A trilha sonora (a canção original incluída aqui) é um enigma pra mim. No início ela me incomodou um pouco pela estranheza. Parecia um início de filme da sessão da tarde, não me senti confortável. Mas logo você já está acostumado e ela acompanha o filme todo. Não boto muita fé que vá ganhar.

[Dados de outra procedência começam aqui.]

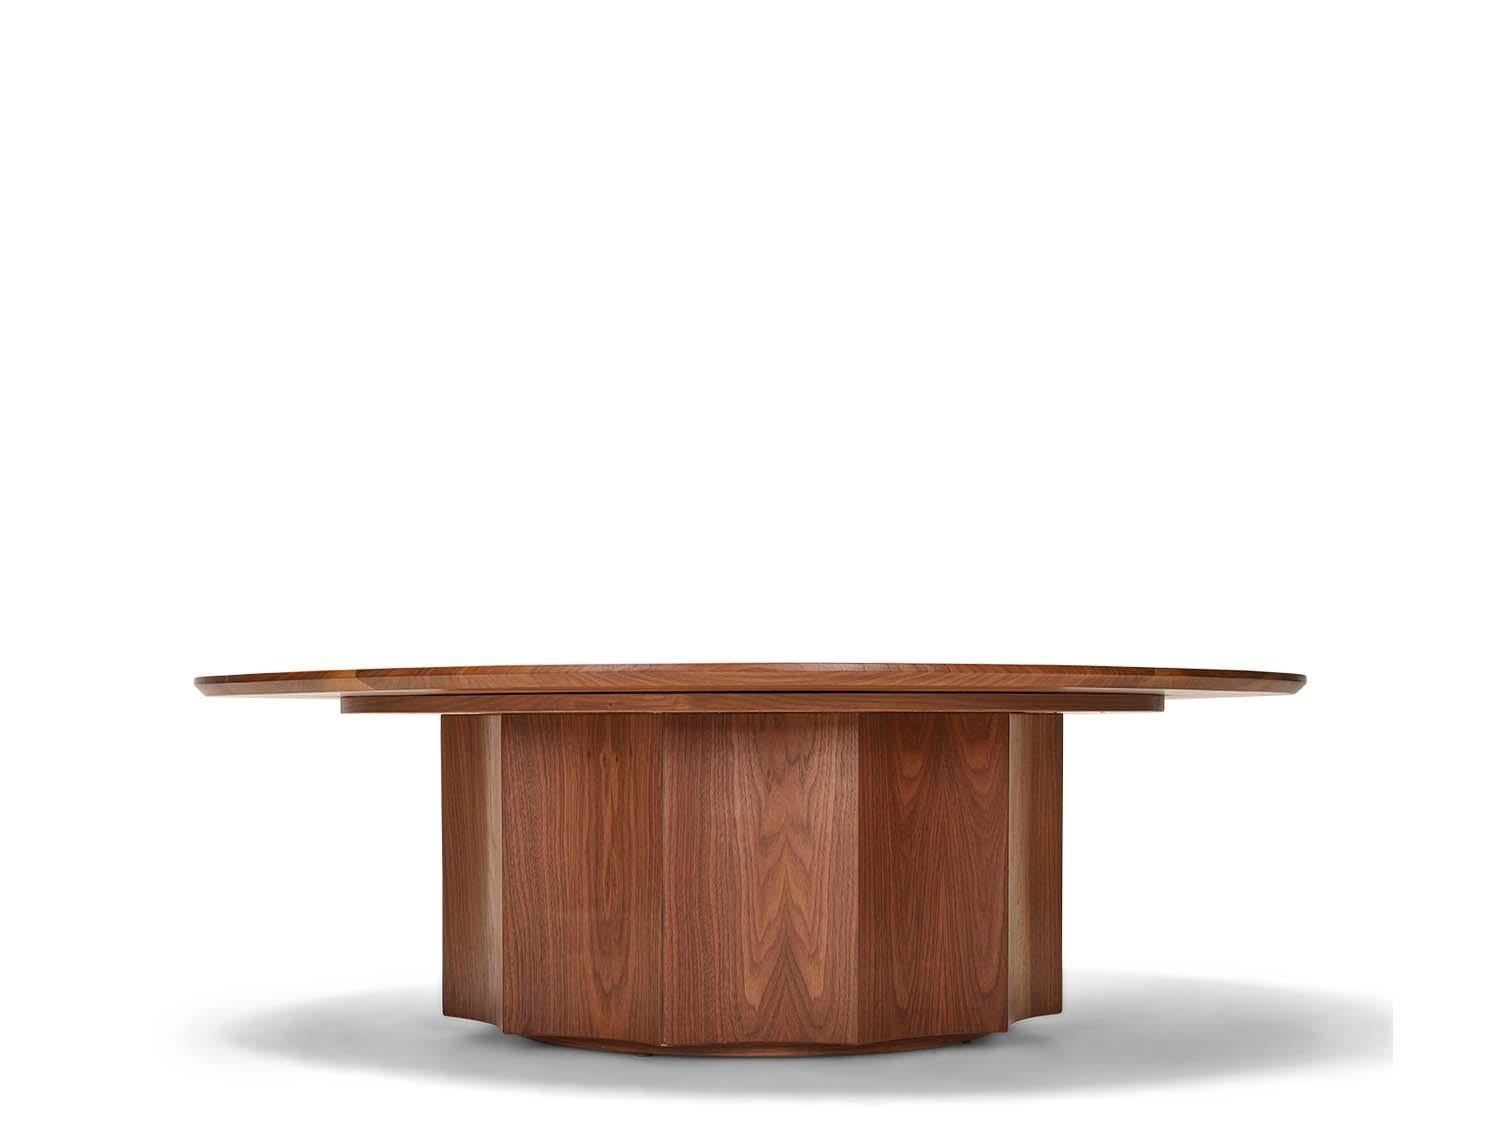 The Normandie cocktail table with wood top is a variation of our stone top Normandie Cocktail table. It features an American walnut or white oak fluted base with a sturdy wood top. Available in three sizes. 

The Lawson-Fenning Collection is

A edição me lembrou muito Peixe Grande e por vezes eu achava que os cortes e transições caminhavam na linha tênue entre o bom e o bizarro, mas, de forma hábil, a equipe conseguiu deixar tudo aquilo fantástico. Acho que não leva.

Pi não foi indicado a nenhum prêmio por atuação, mas vale menção a atuação de Suraj Sharma, o próprio π! O filme se sustenta em grande parte nele e Suraj não decepciona. As emoções que falamos há pouco, vêm através dele e chegam a nós com uma simplicidade enorme. O ator consegue transmitir uma pureza que caracteriza unicamente o personagem e é fundamental para o sucesso do filme. E a curiosidade do dia é que Suraj Sharma não era ator e nunca havia feito nada. Foi aos testes para acompanhar seu irmão e acabou arriscando.Pode-se dizer que deu certo.

max-felinos-vida-pi-plagioNão podemos deixar de fora, no entanto, a polêmica envolvendo Pi. O roteiro adaptado do livro de Yann Martel (2001). Não é exatamente quanto à adaptação do roteiro que existe uma polêmica, mas sim quanto à ~adaptação~ do livro.

The Life of Pi teria sido livremente inspirado em um outro livro, Max and the Cats, mais conhecido como Max e os Felinos, um livro brasileiro escrito por Moacyr Scliar em 1990. A acusação de plágio já é antiga, mas reviveu agora. O livro brasileiro não teve tanta pompa nem ganhou prêmios como o do canadense, mas claramente foi o ponto de partida para o estrangeiro.

Deixemos o próprio autor explicar:

O Max Schmidt de meu livro é um jovem alemão que está fugindo do nazismo e que embarca para o Brasil. O navio em que viaja, um velho cargueiro, transporta também animais de um zoológico. Há um naufrágio, criminoso, mas Max salva-se em um escaler. E de repente sobe a bordo um sobrevivente inesperado e ameaçador: um jaguar. Começa então a segunda parte da novela, que tem como título O jaguar no escaler.

Esta, a idéia que motivou Martel. O seu personagem, Piscine Molitor Patel, Pi, é um menino hindu cujo pai é dono de um zoológico. A família emigra para o Canadá, levando os animais a bordo. Há, na segunda parte do livro, um naufrágio (que depois será considerado criminoso). Pi salva-se. No mesmo barco estão um tigre de Bengala, um orangotango e uma zebra. O tigre liquida os três e Pi fica à deriva com o felino por mais de duzentos dias.

Ou seja: a premissa é a mesma. Um garoto, um naufrágio, um bote e um felino vida loka.

Deixando de lado todo esse papo de plágio (afinal, se o livro canadense não é lá original em tudo, ele tem seus méritos e acabou escrevendo uma bela história), o roteiro adaptado chega de fininho, mas tem concorrentes bem fortes. Deve ficar com Argo.

POSSÍVEIS & PROVÁVEIS SPOILERS ABAIXO

Em resumo, Pi mereceu as indicações recebidas e a meu ver tem chance real de sair com algumas-várias estatuetas. Mas o maior feito do filme é, de fato, a reflexão, a delicadeza, a sutileza que alcança como cinema. A busca por Deus retratada de maneira simples e acessível a todos.

O comentário final que abre espaço a tantas interpretações. A animalização do ser humano, como por vezes nos comportamos como os mais primitivos animais. A fé constante, encontrada em detalhes. Mas principalmente, a escolha. A escolha em acreditar ou não.

Pi é, no fim das contas, um Calvin e Haroldo sênior.

***

Merece ser visto, merece (e deve!) ser visto em 3D.

É, provavelmente, o meu favorito entre os concorrentes desse ano. É um filme que me fez pensar, que me fez sentir e me fez vibrar. Um filme que me fez lembrar no que eu acredito. E você? No que você escolhe acreditar?